The question which comes up is how to compare measurements of fluctuations? Measurements of group size will fluctuate due to statistical variations. How does one calculate the expected standard deviation of a measured standard deviation? For example: Load A produces a 5-shot group with Extreme Spread (ES) of ½-inch, and Load B produces a 5-shot group of 1”. Is Load A necessarily more accurate than Load B, or is the difference just due to chance? How many 5-shot groups must be fired to definitively distinguish the accuracy of two loads? I found little guidance about these questions in standard references on statistics. Statistics books all discuss using the standard deviation (SD) to characterize uncertainties in the mean value, but nobody discusses the “standard deviation of a measured standard deviation”.

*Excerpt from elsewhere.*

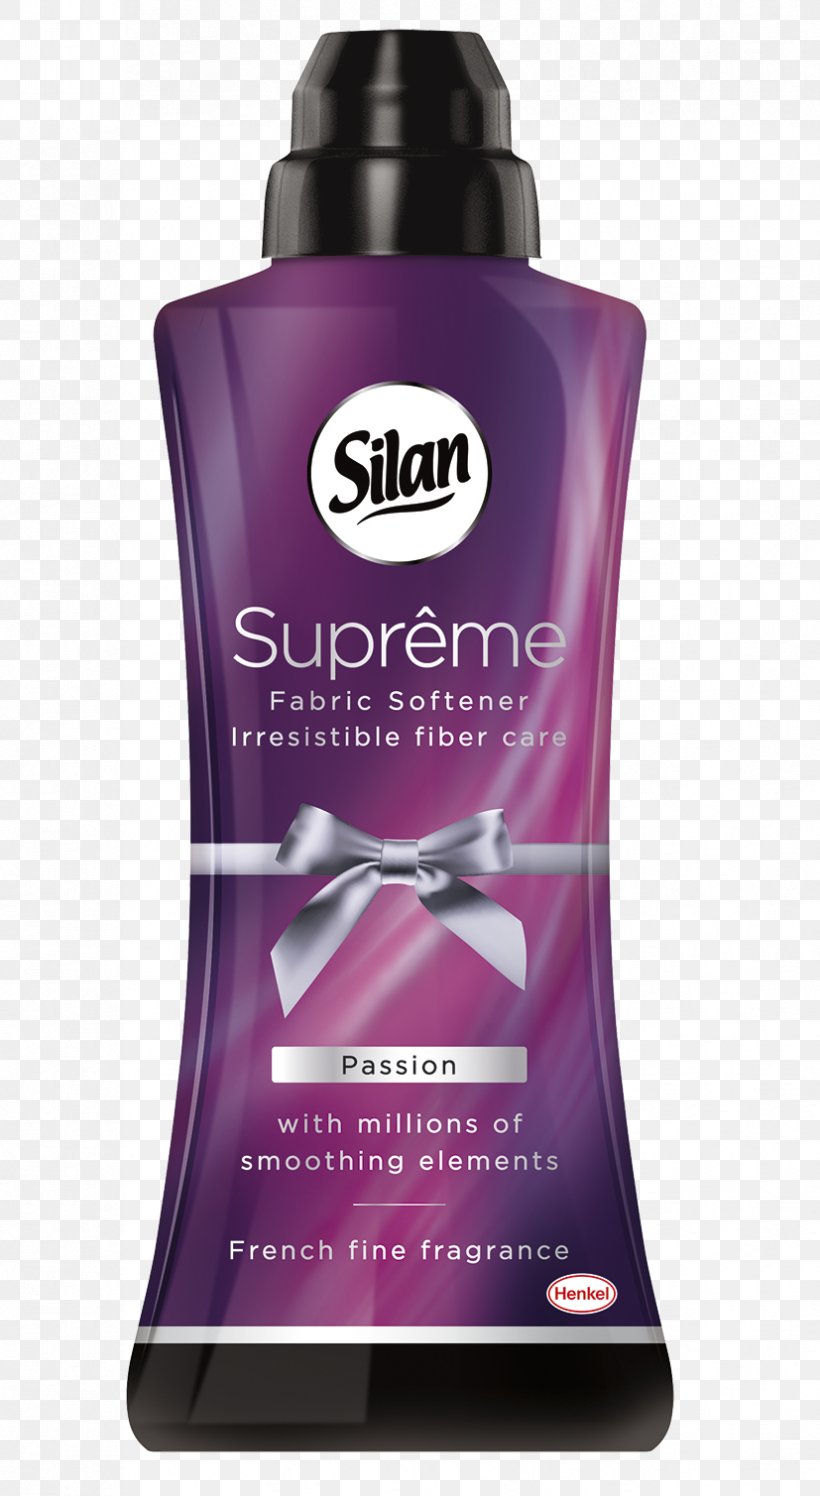 Supreme Woven Fabric Fabric Softener Fluid Shop, PNG, 827x1509px, Supreme, Fabric Softener, Fluid, Hair Care, Hypermarket Download Free

We can learn a lot from shooting experience but it takes a lot of ammo, and a lot of care and patience, to study these fluctuations systematically. So I decided to build a simple computer model which would allow me to answer the question of how to conduct a ladder test of a set of loads with sufficient precision to distinguish the innate accuracy of the loads. These simulations correspond to shooting 10,000 rounds of ammunition under constant conditions, something impossible to do with real ammo.
II. THE MODEL
The model was done using the Microsoft Excel spreadsheet program. Hits are thrown with horizontal (x) and vertical positions chosen randomly according to Normal distributions (bell curve) with mean position = 0 units, and Sigma = 1.0 unit. The unit depends upon the particular rifle/ammo combinations; it could be ¼-MOA or 1-MOA. It does not matter for the discussion. We can then look at how the shape of the hit patterns, and quantities such as the Extreme Spread (ES) or vertical dispersion (ESY), vary due to random fluctuations
The distribution of the 1000 shots is shown below. The average group size is 1 unit horizontal by 1 unit vertical.
III. QUALITATIVE RESULTS
Below are 10 representative 5-shot “targets”, graphs of the x-y hit positions. (Sorry about the small print.) The groups are numbered 1-10; 1-4 in the first row, 5-8 in the second row, and 9-10 in the bottom row. The scales go from -3 units to +3 units horizontal and vertical with tick marks at 1 unit intervals. Do these targets look familiar?
Lets look at a few groups.
Group 3 and 8 – nice and tight; two shots overlaps in group 3
Comment – “My rifle is very accurate if the shooter does his part”.
Groups 2 and 4 – group plus flier
Comment – “I had a nice group going except for that pesky flier. Must be a problem with my shooting technique."
Groups 6 and 10 – vertical stringing
Comment - “This load must not be a velocity node.”
Group 1 and 7 – off to the left
Comment – “sights must be off.”
Group 5 – high
Comment – “Damn it happened again! My scope must be loose.”
Group 4 and 9 – large and diffuse
Comment – “Maybe I should clean the barrel.”
Of course, these comments are all wrong! All of these groups are produced by the same random distributions, and the variations in the size and shape of the groups occur purely by chance. In a sample of ten 5-shot groups, some will be really small, others will have a flier, miss the point of aim, or just be maddeningly big. That really nice group is only about half the average size, and it greatly overstates the intrinsic accuracy of the rifle.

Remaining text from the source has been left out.